When Jane Fonda was in Hanoi, I was asked by the camp communist political officer if I would be willing to meet with Jane Fonda. I said yes, for I would like to tell her about the real treatment we POWs received different from the treatment purported by the North Vietnamese, and parroted by Jane Fonda, as "humane and lenient." Because of this, I spent three days on a rocky floor on my knees with outstretched arms with a large amount of steel placed on my hands, and beaten with a bamboo cane till my arms dipped.

I had the opportunity to meet with Jane Fonda for a couple of hours after I was released. I asked her if she would be willing to debate me on TV. She did not answer me.

This does not exemplify someone who should be honored as part of "100 Years of Great Women." Lest we forget..."100 years of great women" should never include a traitor whose hands are covered with the blood of so many patriots. There are few things I have strong visceral reactions to, but Hanoi Jane's participation in blatant treason, is one of them.

Please take the time to forward to as many people as you possibly can. It will eventually end up on her computer and she needs to know that we will never forget.
post #2 of 7
There's more info on this type of thing at snopes.com. Here's a link to an article about it: http://www.snopes2.com/inboxer/outrage/fonda.htm
post #3 of 7
I don't know how true this particular story is, but I remember when her exercise video took off, my dad was livid. He was a physicst so he didn't go to Viet Nam (he did work for the DoD in other ways), but he always felt strongly about that war. He called her Hanoi Jane and told me about her, and he wasn't given to just slamming people for no reason.

I am a pacifist, but I know it's a luxury. I can only afford to be a pacifist because other people have been willing to risk their lives to defend the lifestyle and values I enjoy. Honoring Ms Fonda when we treat our veterans as badly as we do, is a slap in the face to anyone who served during Viet Nam.

Whoever put out that list of "100 Women of the Century" sure showed some bad judgement.
post #4 of 7
This is the problem with these internet chain letter emails, they keep going, and going, and going.........

This happened three years ago - here's an article describing it:

post #5 of 7
All I know is that my dad was in Vietnam and he detests Jane Fonda. When her work out videos came out and got big he was disgusted.
post #6 of 7
That's part of the problem.

The story is rooted in fact, but the details have become exaggerated over time. Ms. Fonda did earn the name Hanoi Jane for a reason, but she doesn't talk about it and most of what we hear nowadays is, well, almost a myth. I'm sure she thought she was doing the right thing at the time, but she didn't gain any respect for it. I'm also sure she was a target because she was a public figure, and that other people who shared her views have been largely ignored because they weren't notable.

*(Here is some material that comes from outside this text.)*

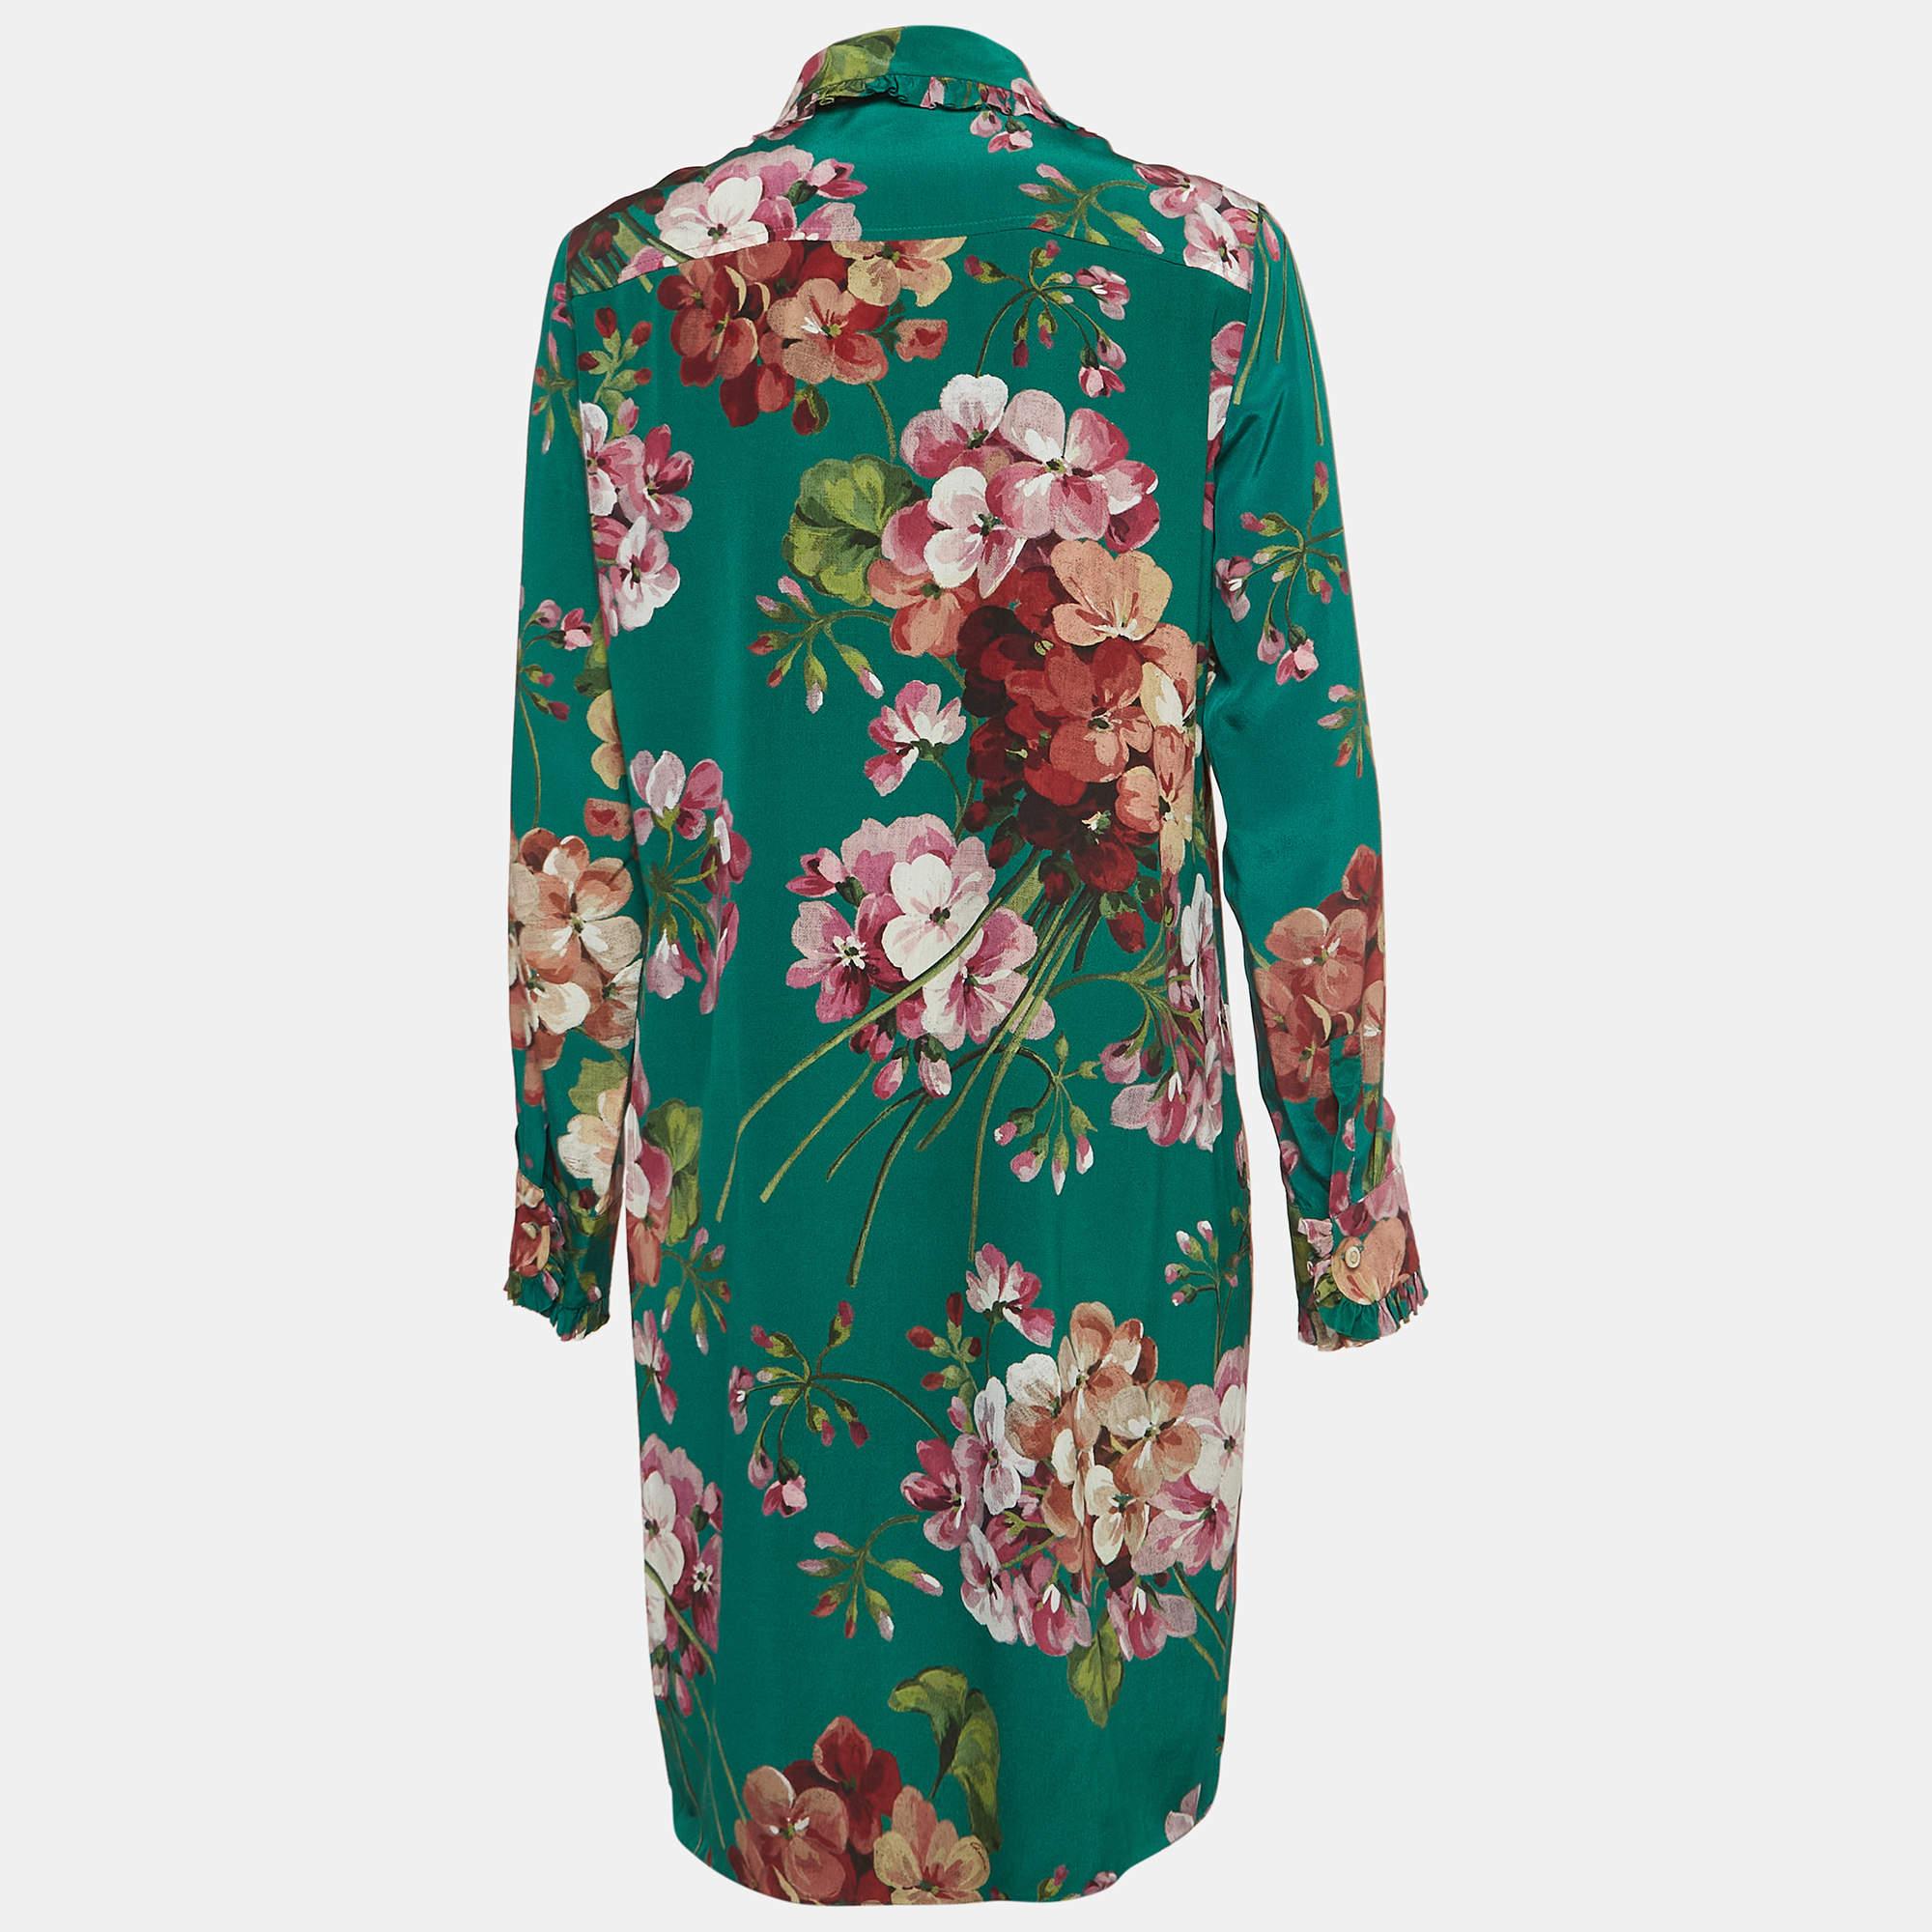 Draped in luxurious silk, the Gucci dress exudes effortless charm. Delicate floral motifs dance across the fabric, adding a touch of whimsy to its emerald hue. With its relaxed silhouette and refined collar, it effortlessly blends style and comfort
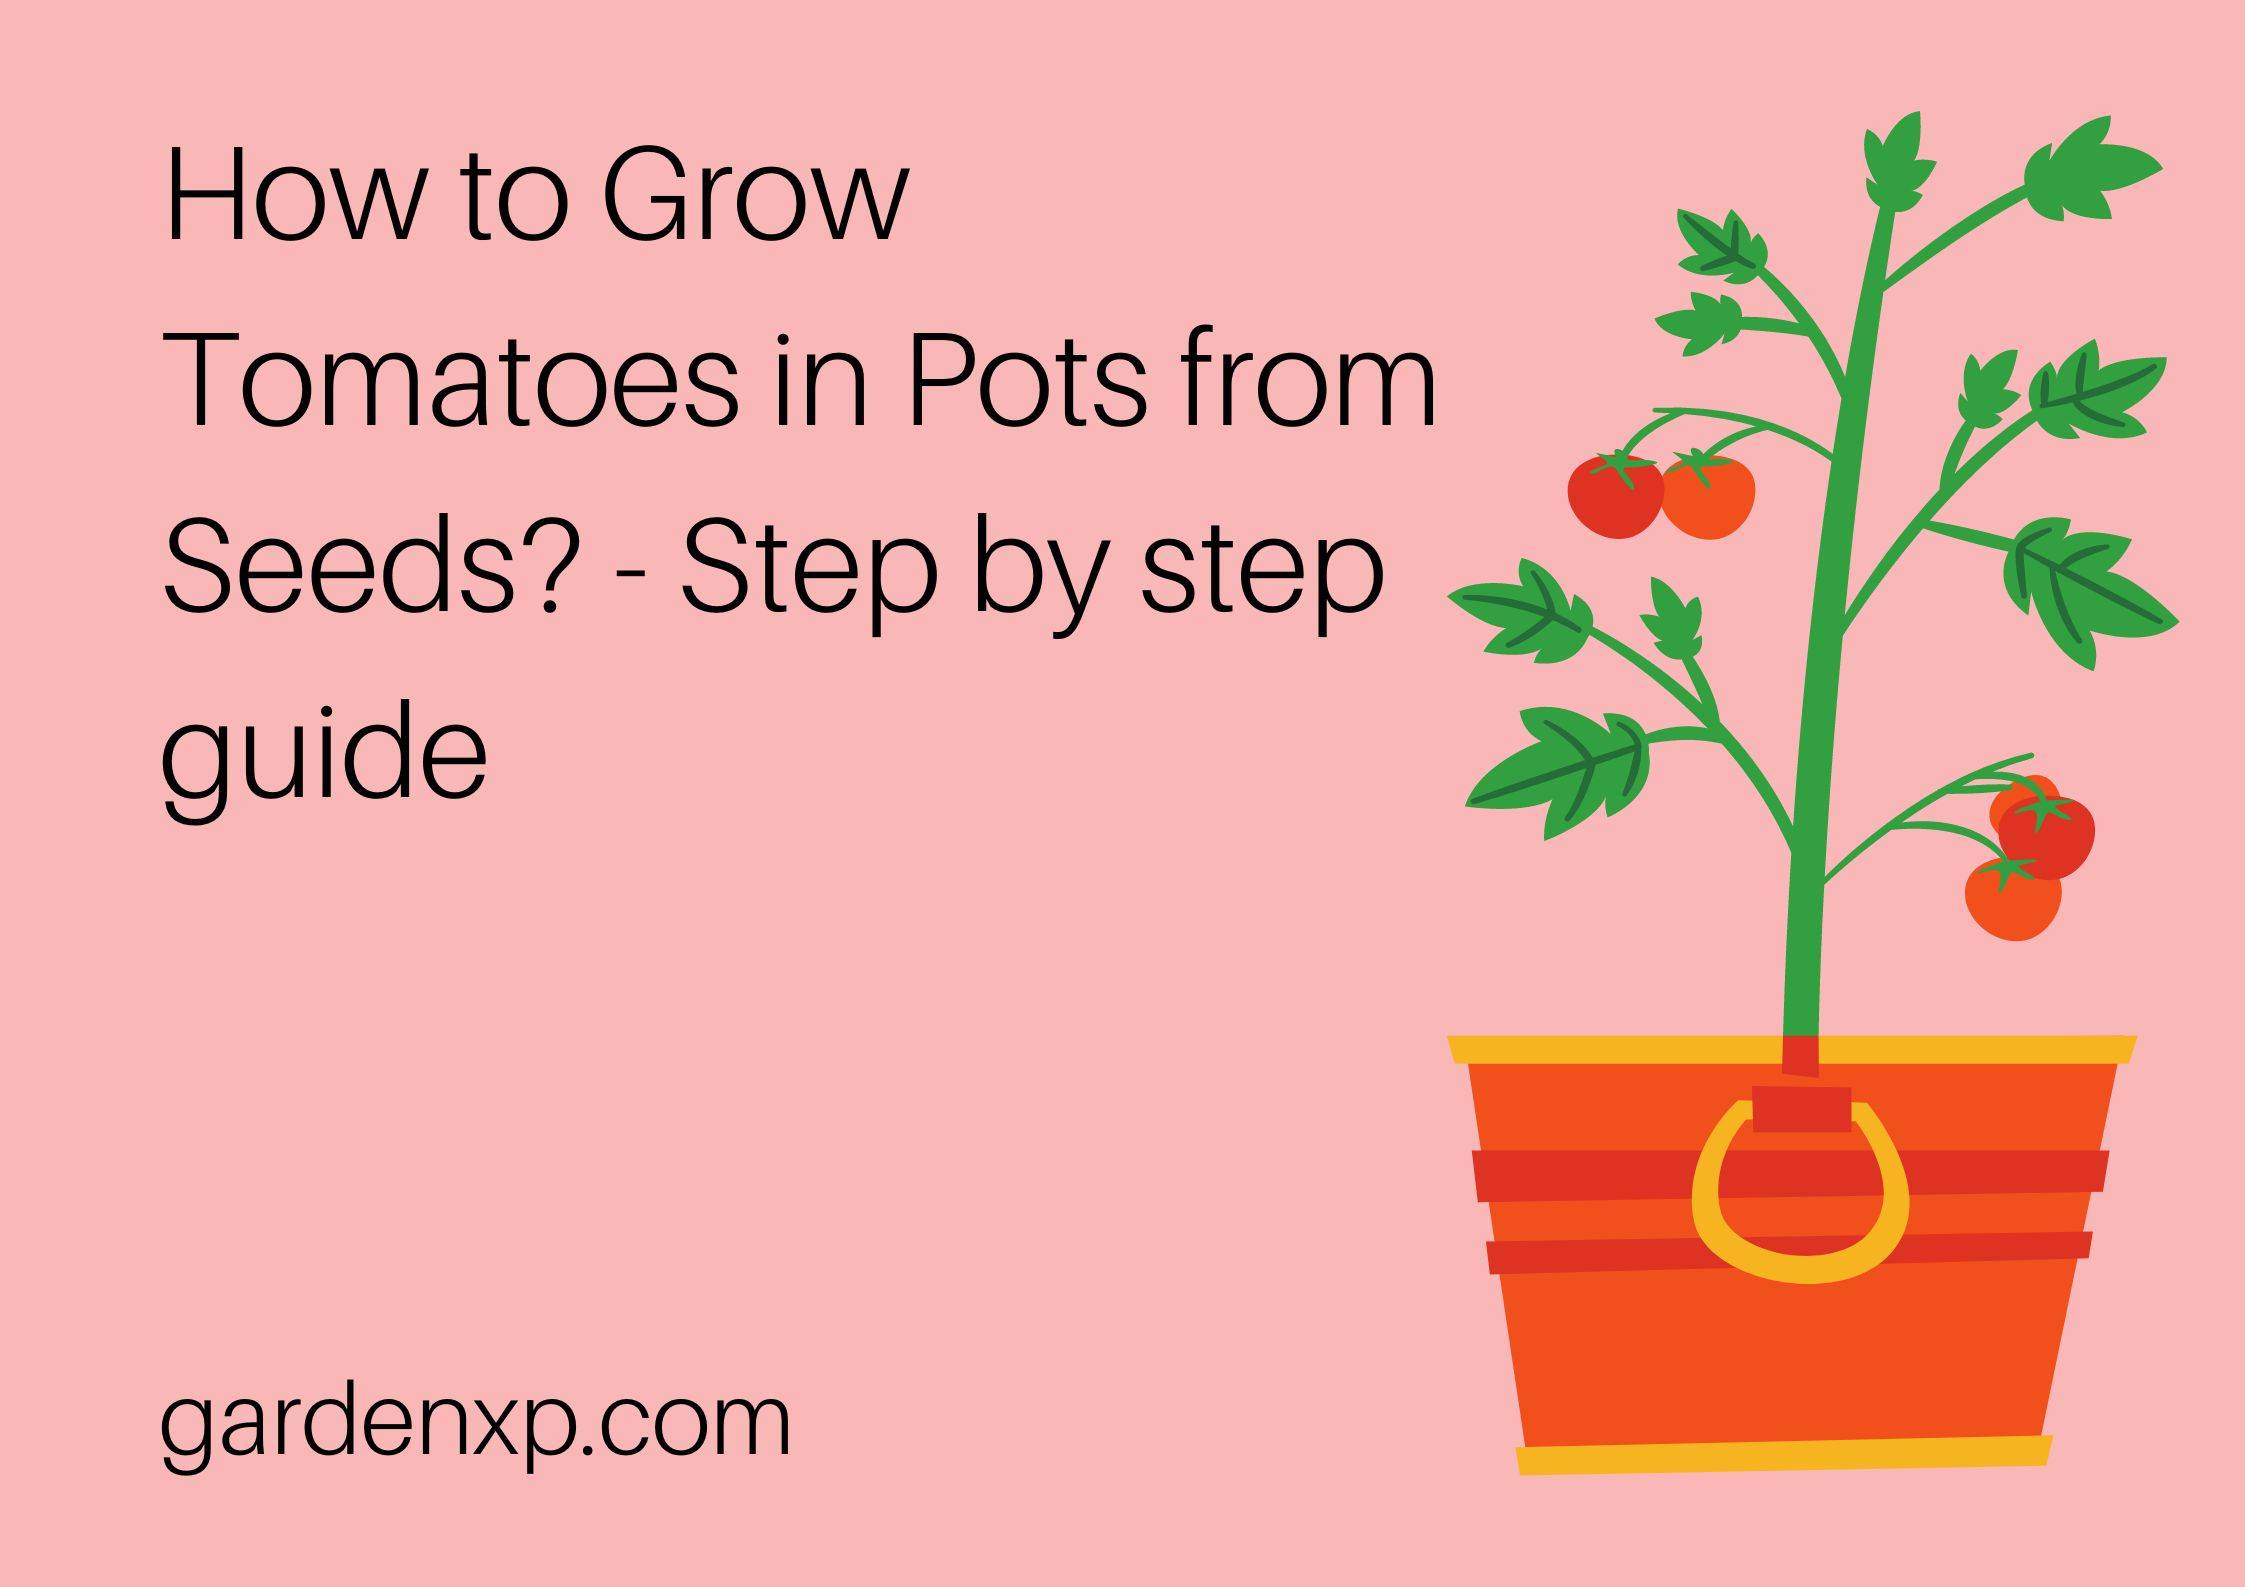 How to Grow Tomatoes in Pots from Seeds? - Step by step guide

I think it would be far more appropriate to honor the nurses, female GI's, widows, and wives who stayed with troubled veteran husbands than Ms. Fonda. She was simply vocal in her political views, other women have contributed more to the welfare of our country, made greater sacrifices, or showed more personal strength facing their troubles. They just didn't get press coverage because their names aren't famous.
post #7 of 7
Thread Starter 
This was the first time I had heard about the whole Jane Fonda issue at all so naturaly it got my attention. Thanks for the info. It's hard to believe this chain letter started 3 years ago and is still going.